The term, of course, has morphed over the centuries (A Shakespearean "comedy" was a play with an ostensibly happy ending, like The Merchant of Venice, as opposed to a tragedy like Macbeth) but the ultimate purpose in either cause, of laughter or confrontation in comedy, is catharsis. Group Therapy is aimed squarely at that cathartic sensation, whether through jokes, or dark confessions, or some combination of the two, and it creates aesthetic parameters in which both laughter and introspection become equally permissible in a comedic setting.

Comedian Tig Notaro, in a green top, holds a hand up, pointing to the left, while comedian Nicole Byer smiles in the background.

Comedian Tig Notaro.

Courtesy of Tribeca Film Festival

It is, for instance, equally hilarious and revealing when Okatsuka realizes that she's the only member of the group who doesn't regularly see a therapist. This at first opens the door to amusing cultural commentary on the reticence towards therapy among many Asian and Asian American communities, but eventually, her fears are revealed to be much more personal than just stigma, and are rooted in her family's history of mental illness. Similarly, Gulman paints a vivid picture of his past as a "guy's guy" and a high school football player, but he simultaneously paints a portrait of his teenage depression, which he finally has words to describe.

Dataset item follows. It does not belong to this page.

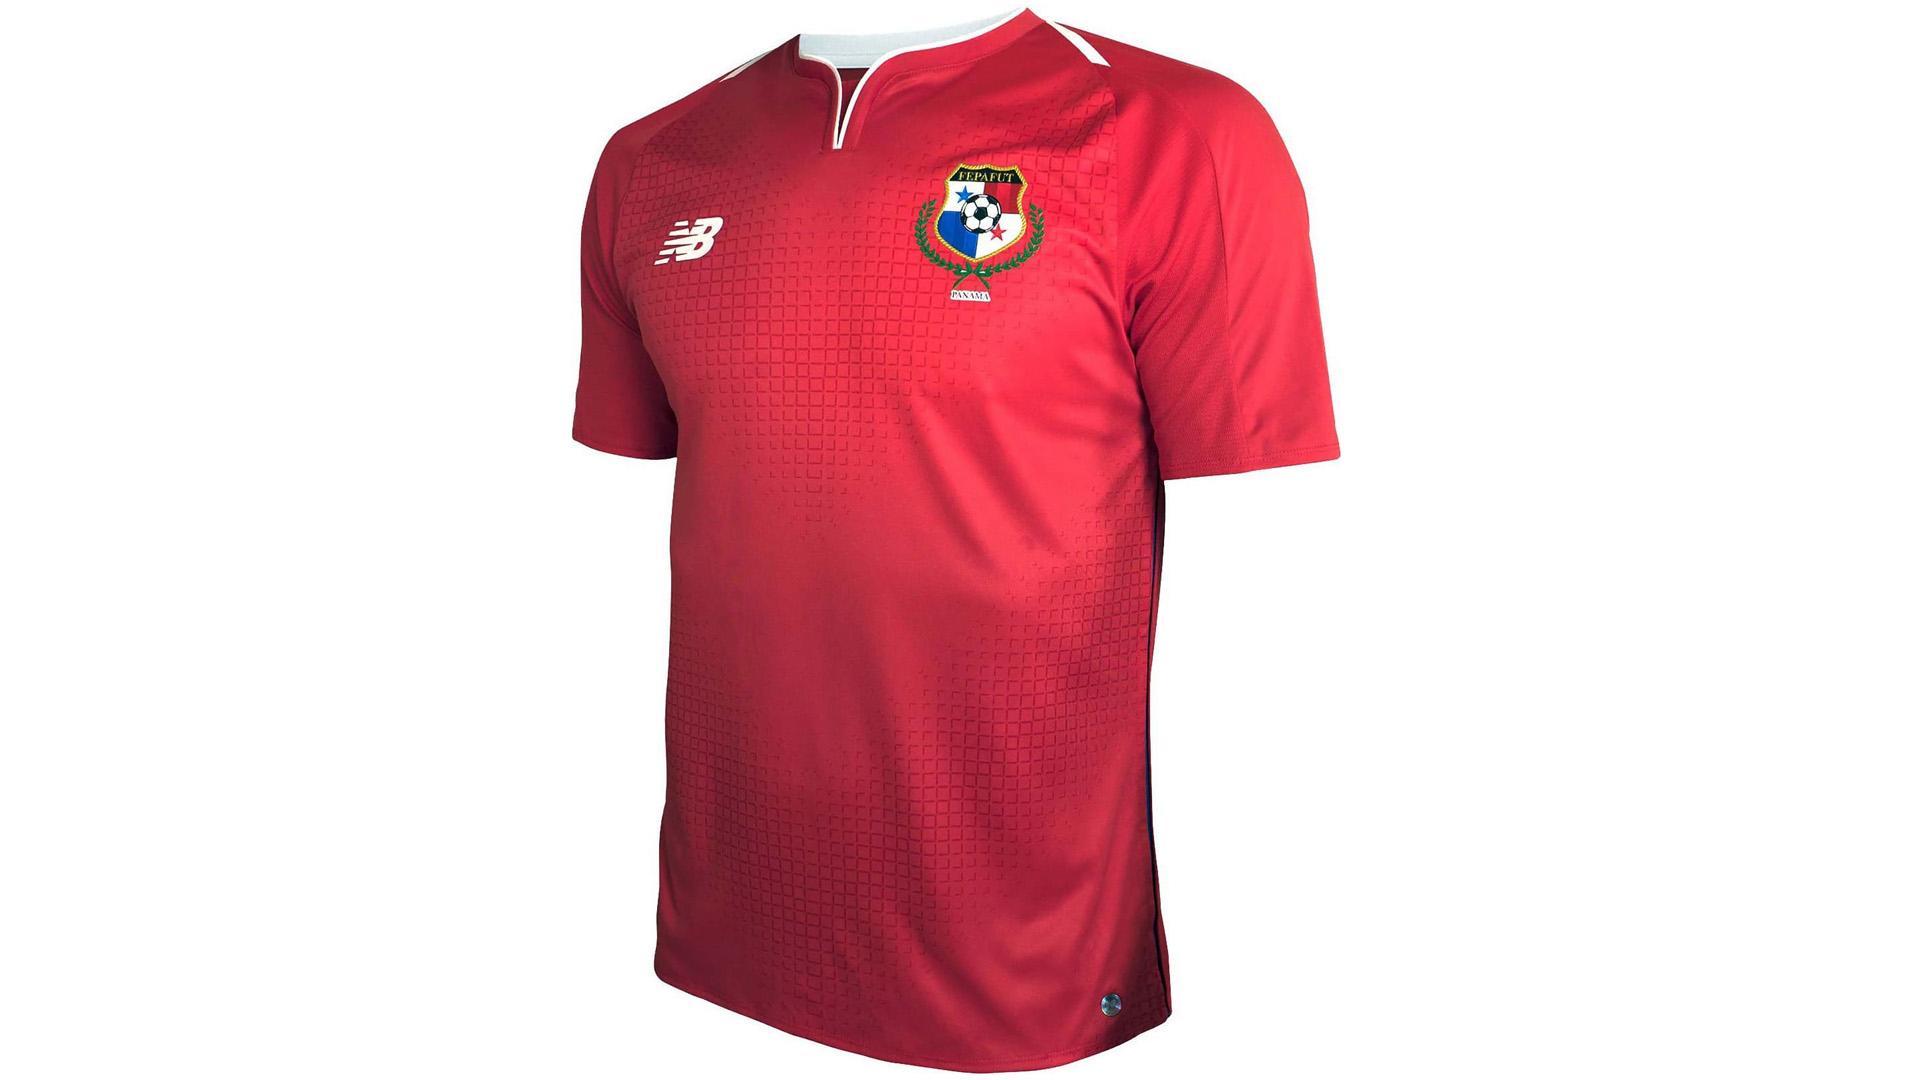 Panama Camiseta Titular Home Kit 2018

Like the film's own structure, past and present exist in close proximity for the subjects of Group Therapy, who seek to unlock ideas about who they are today by tracing where they've been. They make it clear, on numerous occasions, that the film's premise is an exercise in collective exposure rather than an actual, medically endorsed session, but the session is no less revealing in its deeply personal portraits of each participant. In the process, the very presence of the camera becomes therapeutic, not only for the comedians, but for the audience too, who, in the process, gain access to the intimate details of people's lives, both on and off stage, in ways that give them the opportunity to reflect on themselves. The film may be focused on its half-dozen comics, but the audience is firmly a part of the group as well.